Fast Analytical Beamlet Optimization for Volumetric Intensity-Modulated Arc Therapy


K Chan

Kenny S K Chan1*, Louis K Y Lee1 , L Xing3 , Anthony T C Chan1,2 , (1) Department of Clinical Oncology, Prince of Wales Hospital, Hong Kong SAR, China, (2) State Key Laboratory of Oncology in South China, The Chinese University of Hong Kong, Hong Kong SAR, China, (3) Department of Radiation Oncology, Stanford University School of Medicine, Stanford, California 94305, USA

Presentations

SU-E-T-422 (Sunday, July 12, 2015) 3:00 PM - 6:00 PM Room: Exhibit Hall


Purpose: To implement a fast optimization algorithm on CPU/GPU heterogeneous computing platform and to obtain an optimal fluence for a given target dose distribution from the pre-calculated beamlets in an analytical approach.

Methods: The 2D target dose distribution was modeled as an n-dimensional vector and estimated by a linear combination of independent basis vectors. The basis set was composed of the pre-calculated beamlet dose distributions at every 6 degrees of gantry angle and the cost function was set as the magnitude square of the vector difference between the target and the estimated dose distribution.

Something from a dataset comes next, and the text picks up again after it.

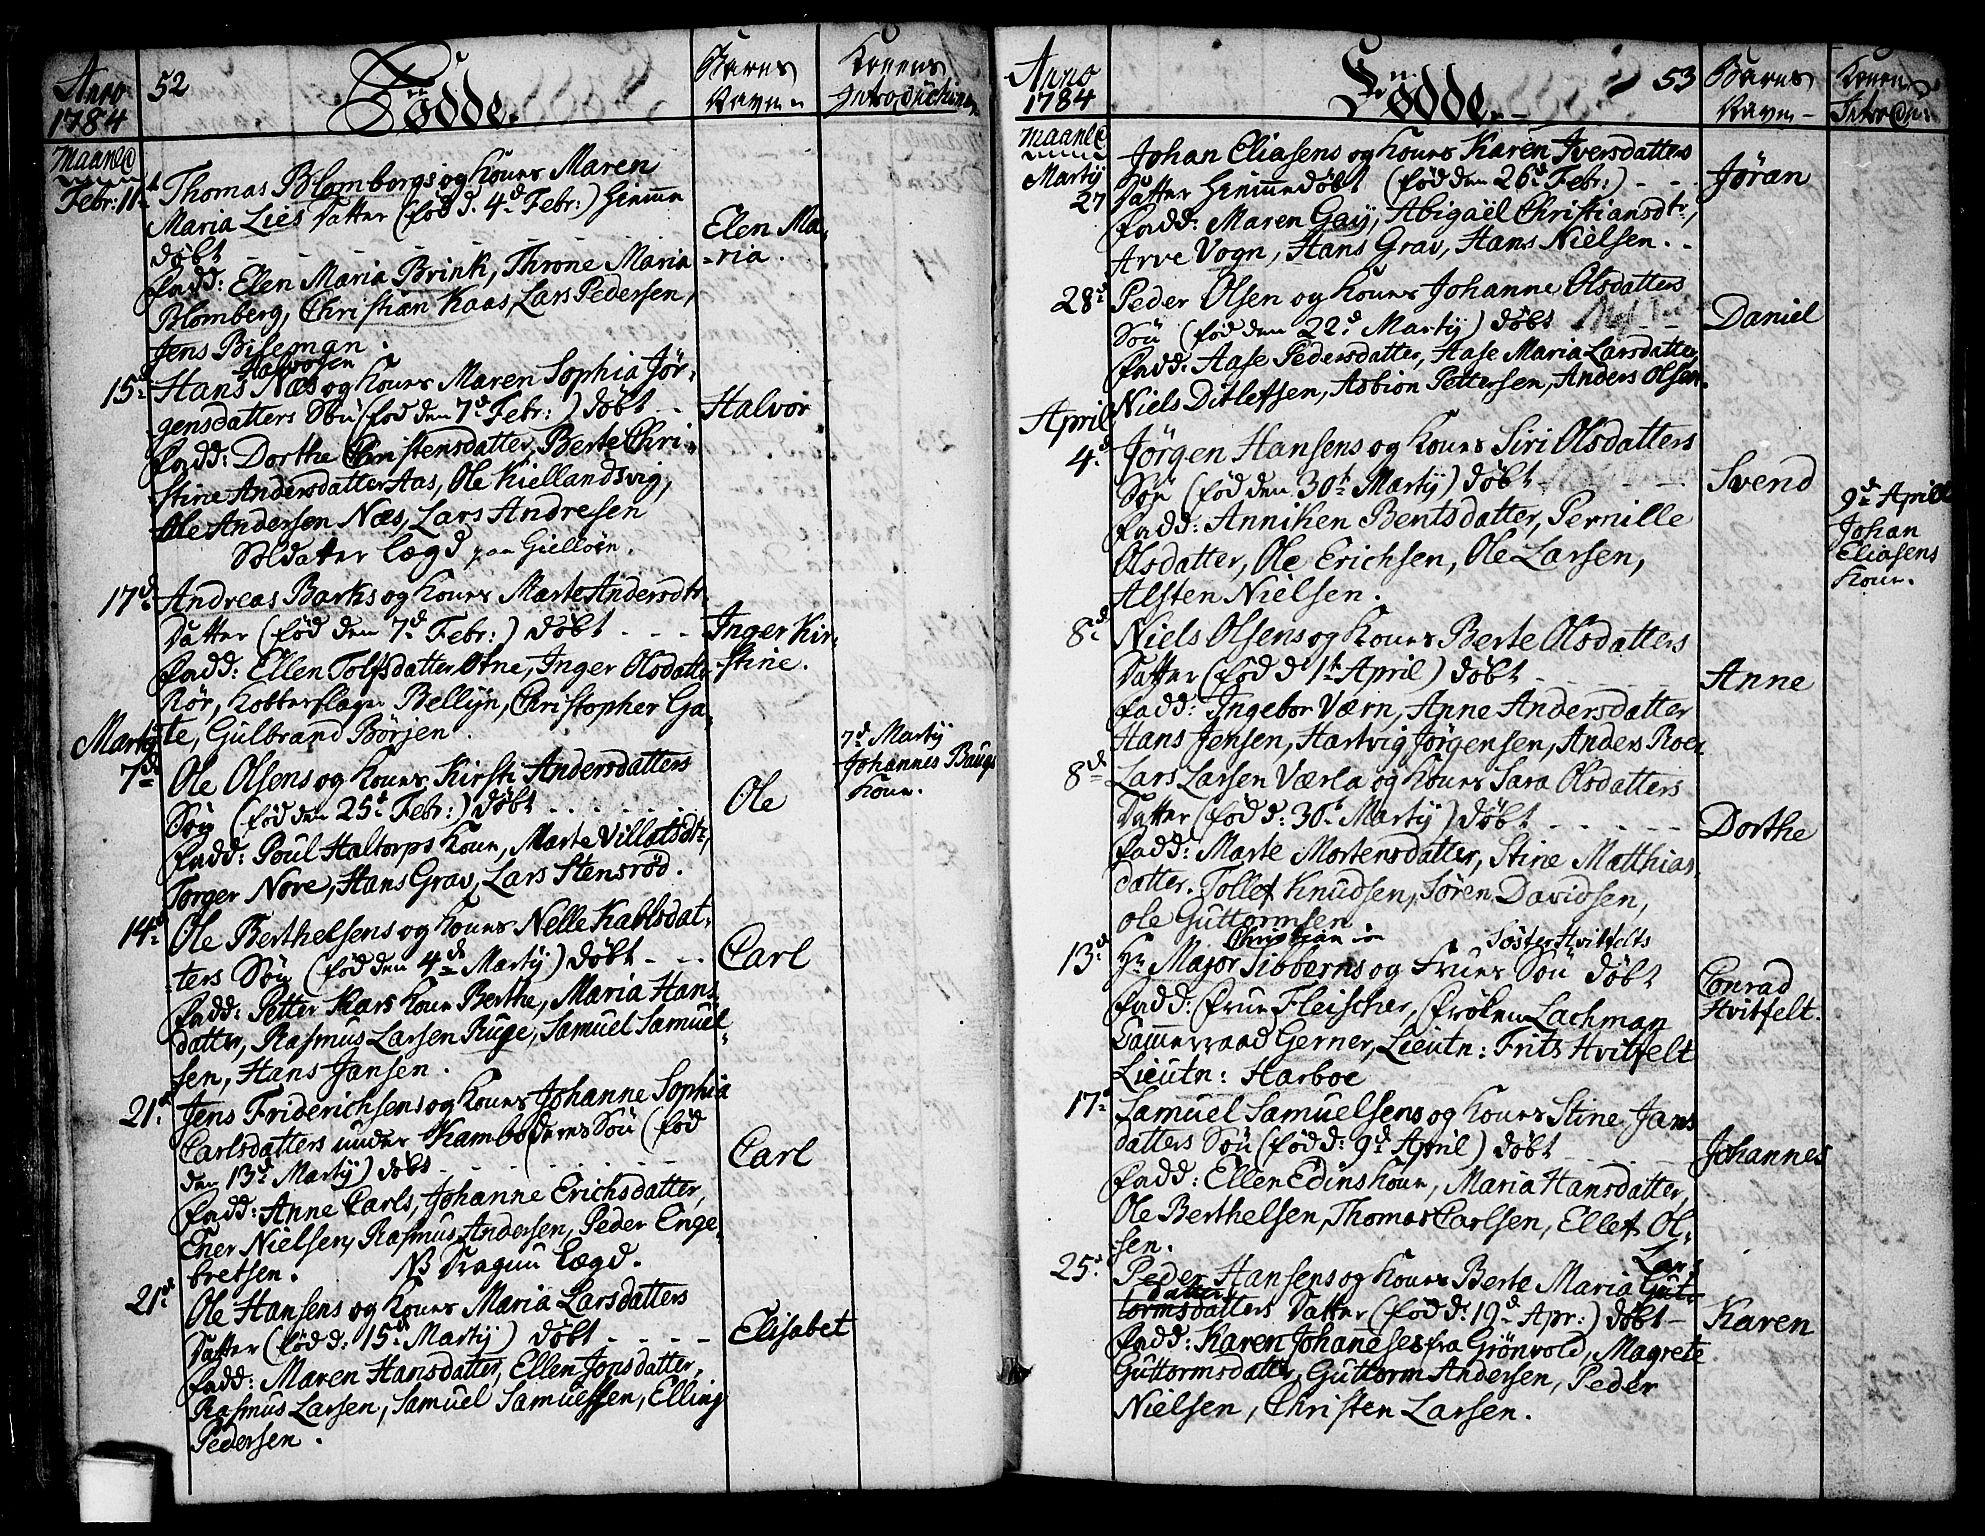 SAO, Moss prestekontor Kirkebøker, F/Fa/Faa/L0003: Parish register (official) no. I 3, 1779-1814, p. 52-53

The optimal weighting of the basis, which corresponds to the optimal fluence, was obtained analytically by the least square method. Those basis vectors with a positive weighting were selected for entering into the next level of optimization. Totally, 7 levels of optimization were implemented in the study.

Ten head-and-neck and ten prostate carcinoma cases were selected for the study and mapped to a round water phantom with a diameter of 20cm. The Matlab computation was performed in a heterogeneous programming environment with Intel i7 CPU and NVIDIA Geforce 840M GPU.

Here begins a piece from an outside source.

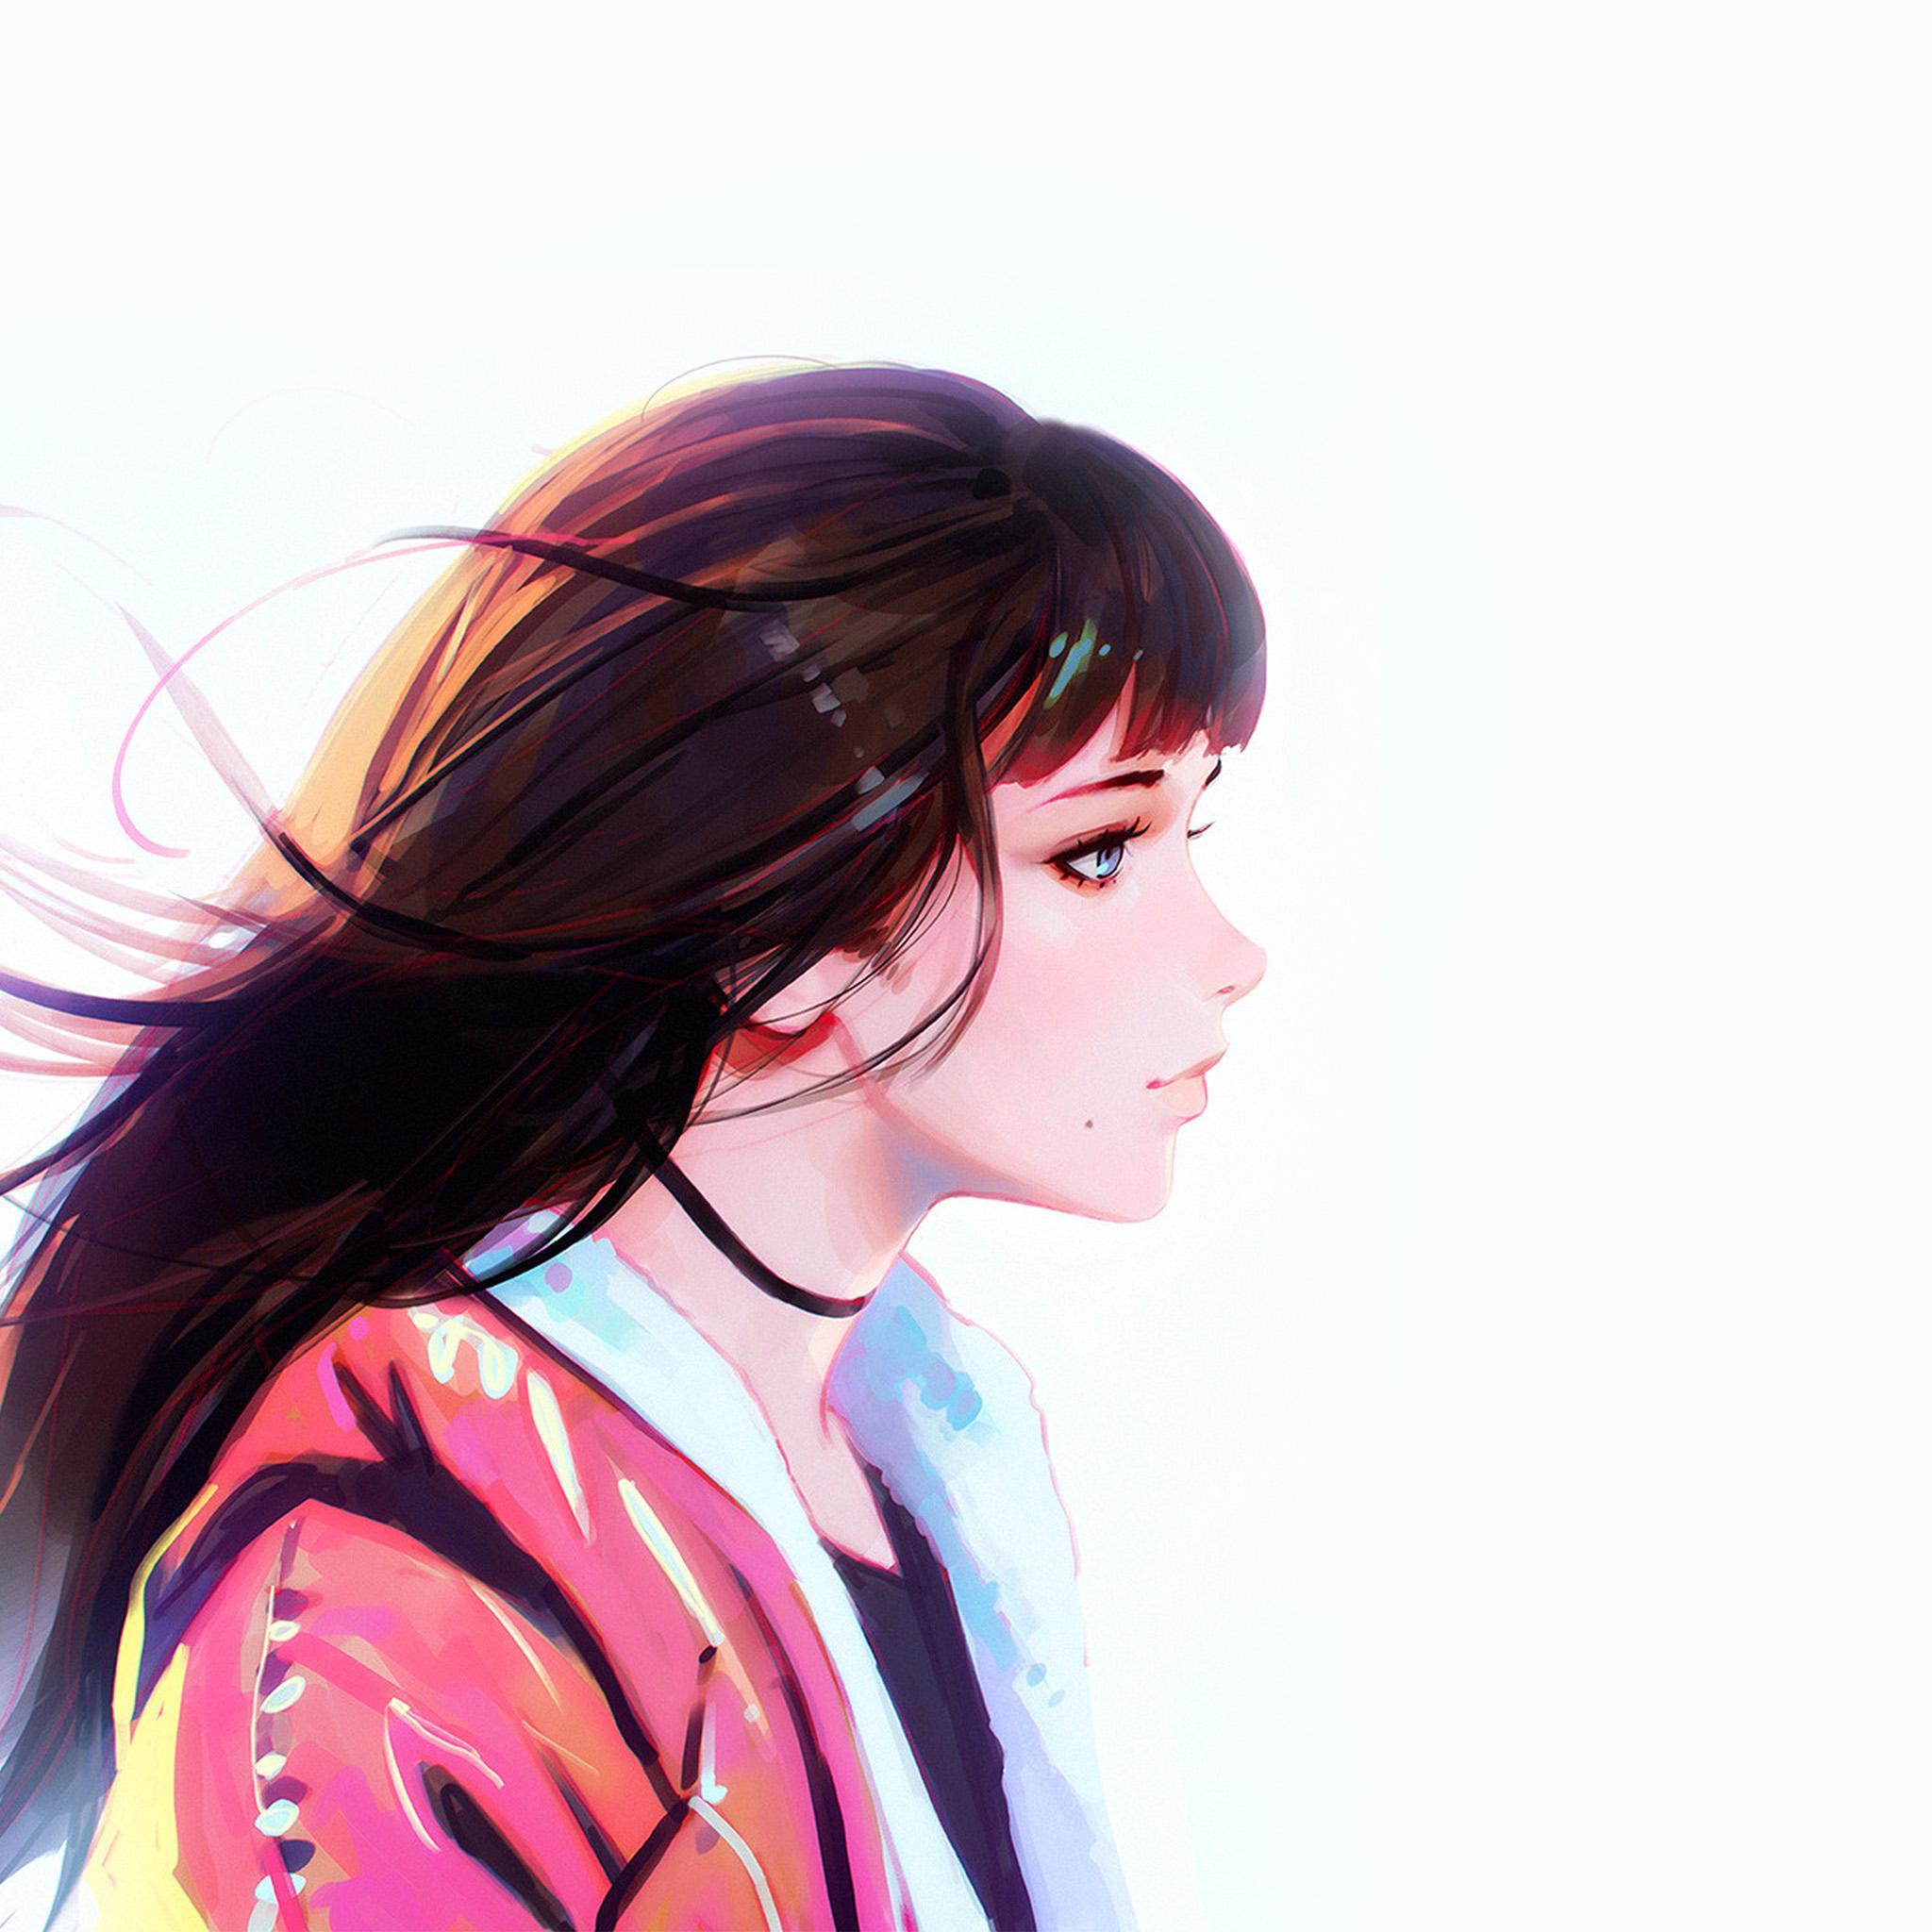 Bd28-girl-anime-drawing-painting-ilya-art-illustration

Results: In all selected cases, the estimated dose distribution was in a good agreement with the given target dose distribution and their correlation coefficients were found to be in the range of 0.9992 to 0.9997. Their root-mean-square error was monotonically decreasing and converging after 7 cycles of optimization. The computation took only about 10 seconds and the optimal fluence maps at each gantry angle throughout an arc were quickly obtained.

Conclusion: An analytical approach is derived for finding the optimal fluence for a given target dose distribution and a fast optimization algorithm implemented on the CPU/GPU heterogeneous computing environment greatly reduces the optimization time.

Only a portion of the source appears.